Input data —

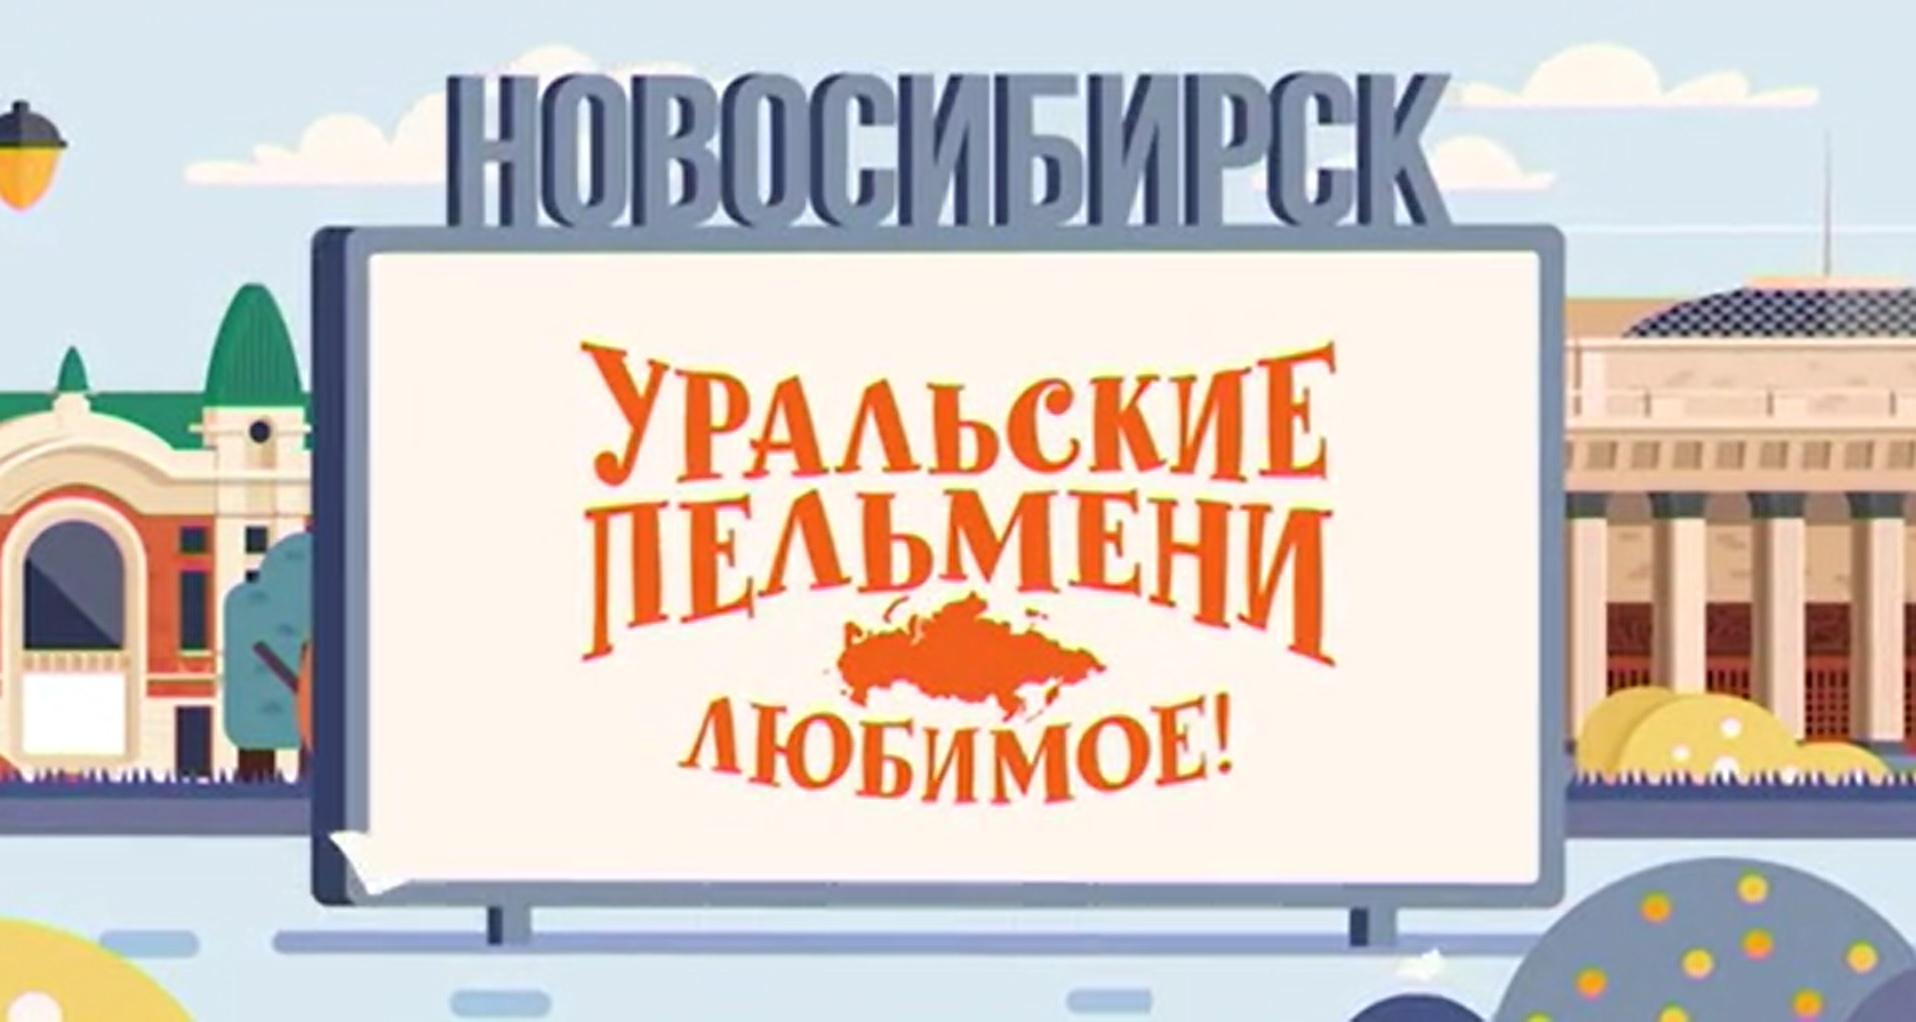 Творческий коллектив Уральские Пельмени Уральские пельмени. Любимое. Новосибирск творческий коллектив уральские пельмени уральские пельмени любимое тюмень
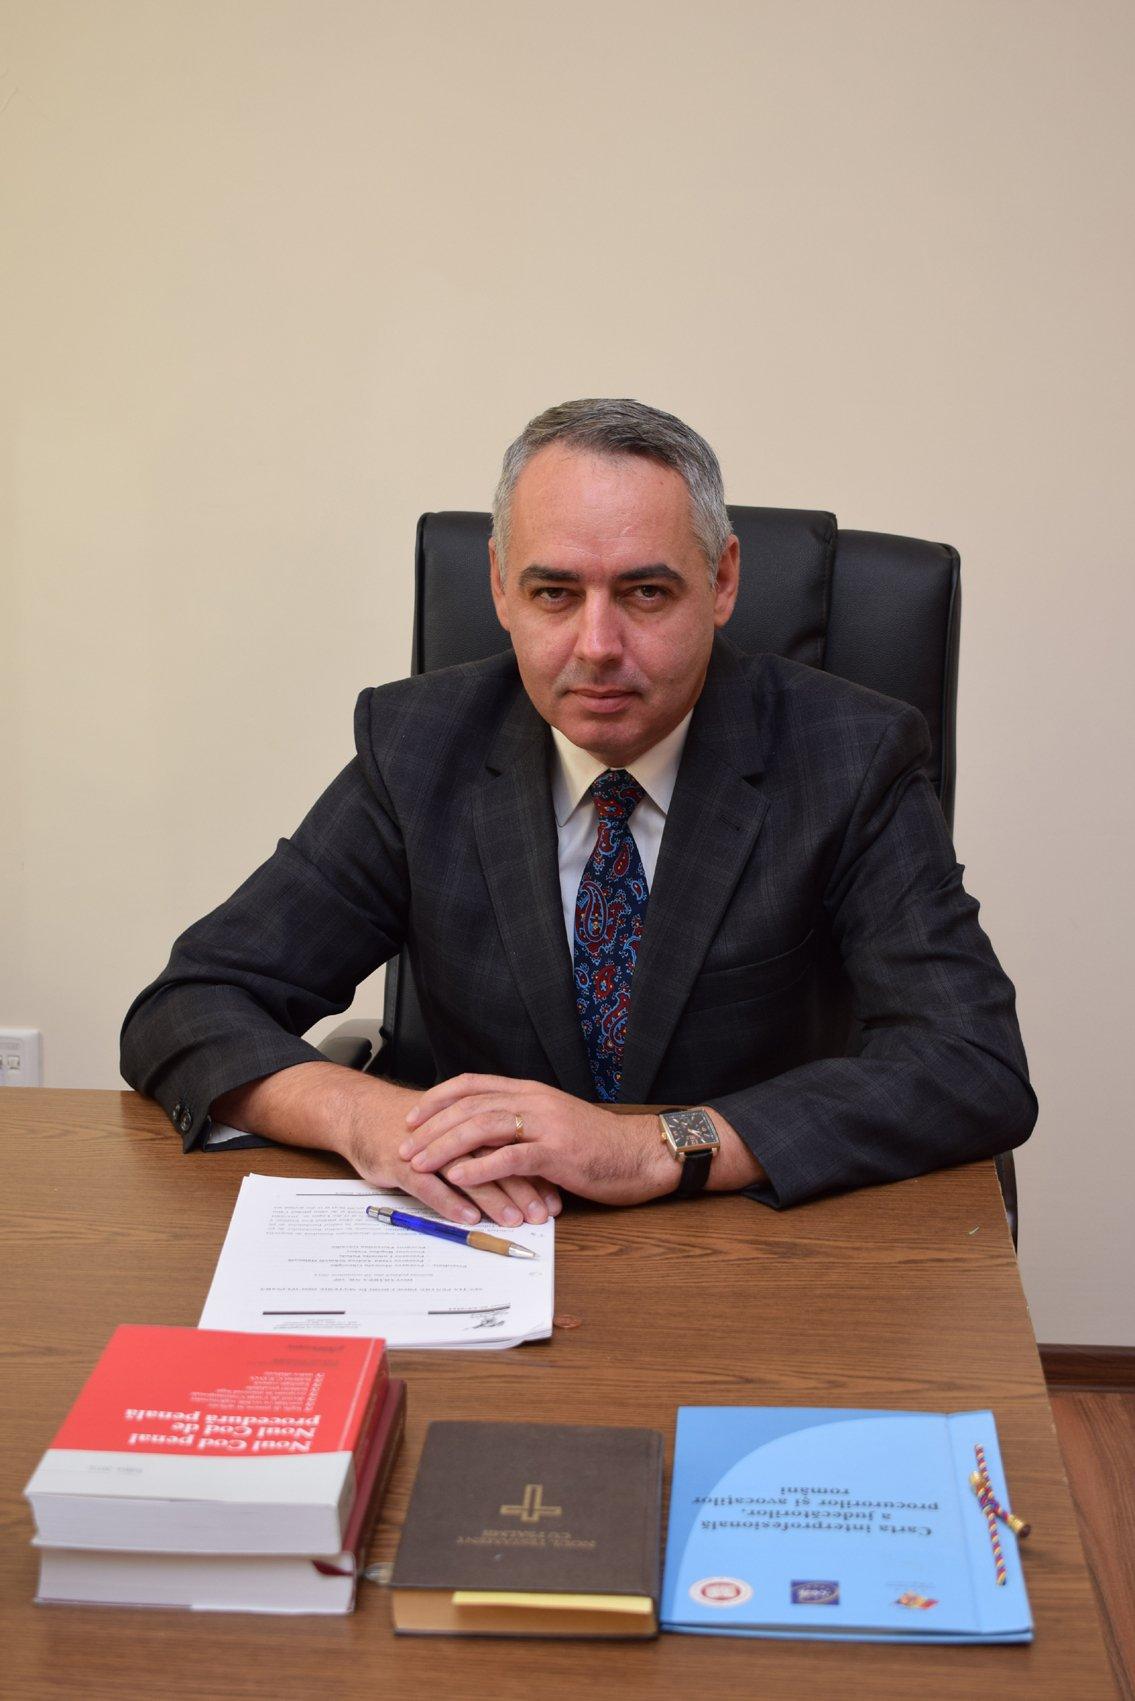 http://revista22.ro/files/news/manset/default/Bogdan-Gabor-2.jpg
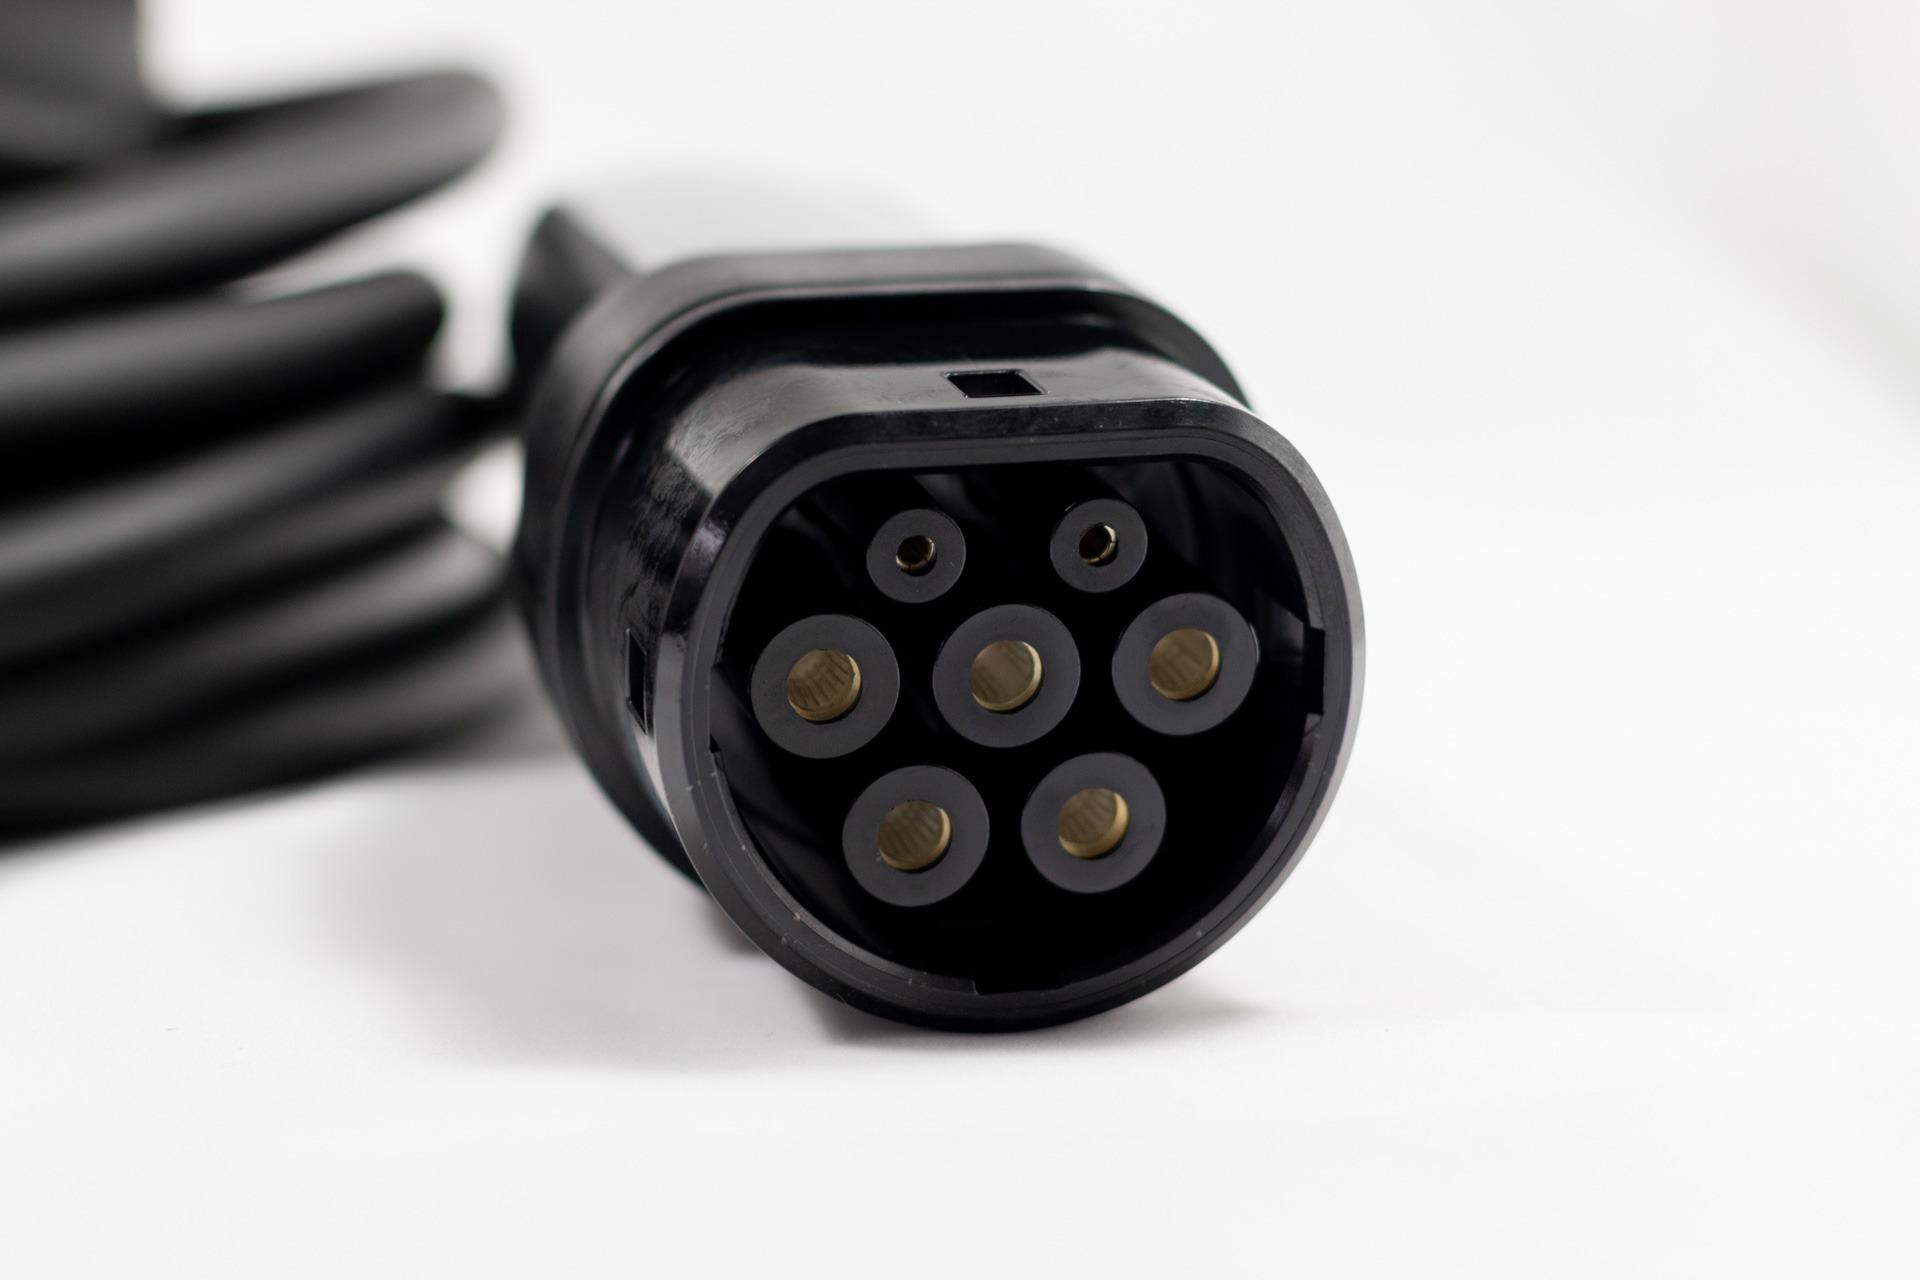 Tesla UMC 1. Generation Kabel Adapter Ladegerät 11 kW dreiphasig 3-phasig Greenspeed gebraucht kaufen Aachen Deutschland

What you have to do — Apart from the pictures, all of the data should be repeated exactly.

Output of the task —
 Творческий коллектив Уральские Пельмени Уральские пельмени. Любимое. Новосибирск творческий коллектив уральские пельмени уральские пельмени любимое тюмень
 http://revista22.ro/files/news/manset/default/Bogdan-Gabor-2.jpg
 Tesla UMC 1. Generation Kabel Adapter Ladegerät 11 kW dreiphasig 3-phasig Greenspeed gebraucht kaufen Aachen Deutschland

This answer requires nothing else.